The soul, like a black hole, is inferred by reason. While we can observe the effects (animations), we cannot observe the efficient cause (anima) for those effects, e.g., the cause for a hole in space or what makes a dead dog immediately different than a live dog. In reality, the soul and the black hole exist or do not exist whether we think they do or not. The soul and the black hole are objects of reason (not observation) and provide explanatory power for things we do observe.

A property of living things that we observe is self-movement. If it moves we infer a soul. Does the heart in a box evidence self-movement? To answer, one would have to pull the plugs, so to speak, and observe. When the heart no longer moves I think all would agree the heart is not living, But what if the heart does not immediately stop?

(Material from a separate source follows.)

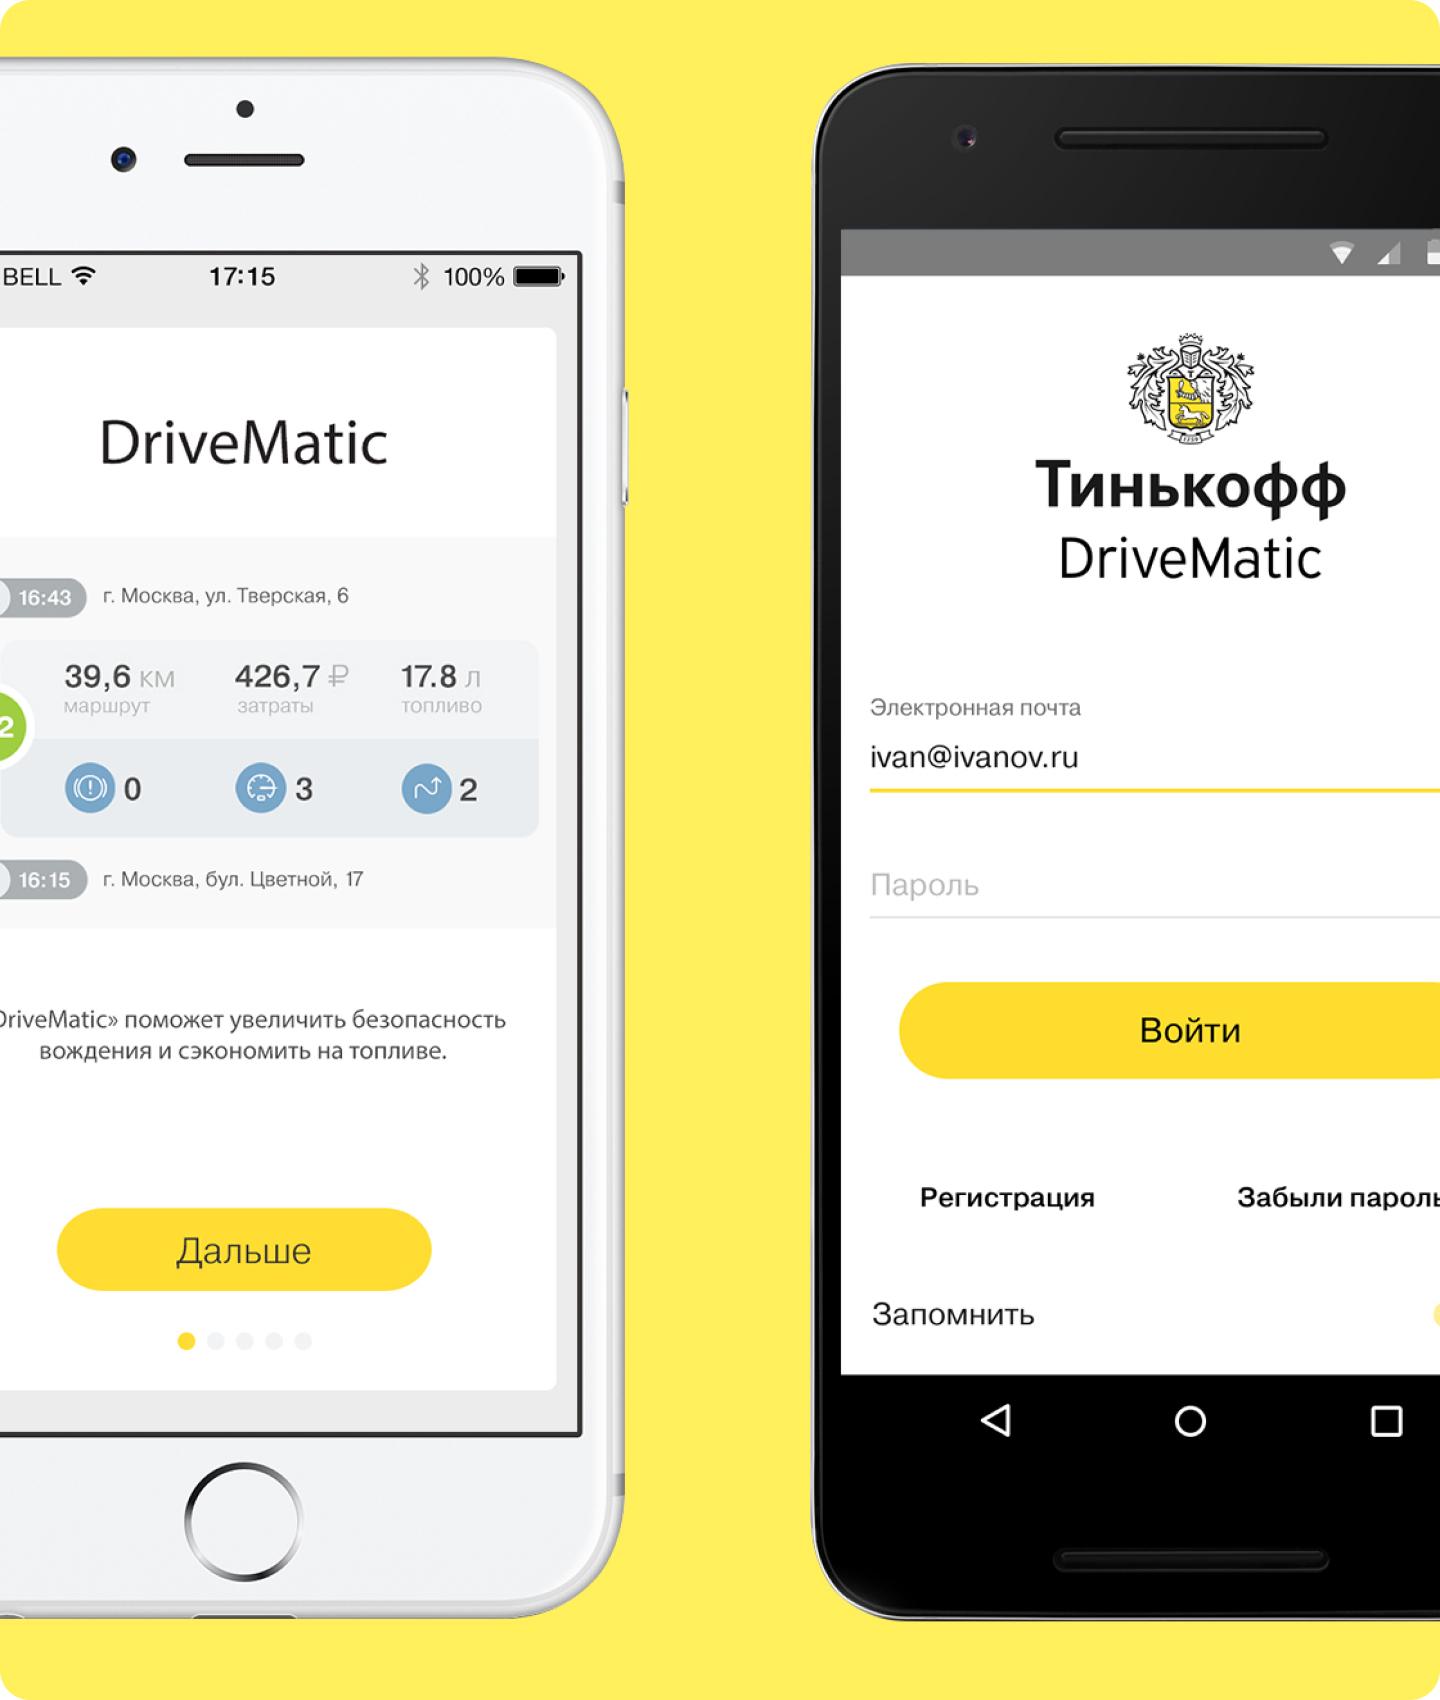 Тинькофф Drivematic

If the heart does not stop beating rhythmically then is that movement evidence of the heart’s soul? Or is it merely the inertia of the soul of the living being from whom that heart was taken slowly ebbing away? I think so. If the heart continues to beat but does so arhythmically then is not the movement we observe the disorganized movement of individual cells now moving according to their own nature? (Just as cardiac cells in a petri dish would move). If the heart’s movements are random then I believe the human soul, the organizing principle of those multiple organs that constitute a heart, is no longer present. The individual organs or cells are “now free to move about the cabin.”

Since a soul in cases of things that self-move is inferred, no one can prove that the soul is of one kind or another in the absence of additional evidence of sentience (animal) or reason (human). In the absence of proof of human life are we allowed to act as if there is no human life? Can we infer death just as we infer life? If we may then ought we to exercise extreme care before acting in a way that ends a life? Kreeft, the ethicist, asks, “Does the hunter who is uncertain whether the object in the bushes is a deer or a man have the right to shoot?”

I think the church teaches in the case of the beginnings of human life that science’s tentative (as are all scientific) conclusions never justify taking that life. But in the case of the end of human life the church allows medical science greater latitude. My understanding is that the teaching remains that death occurs when the soul departs. While the church does not allow science to apply its findings to determine the beginning of life as ever subsequent to conception, she does allow science to determine the end of life prior to the absence of the normal palpable signs of life.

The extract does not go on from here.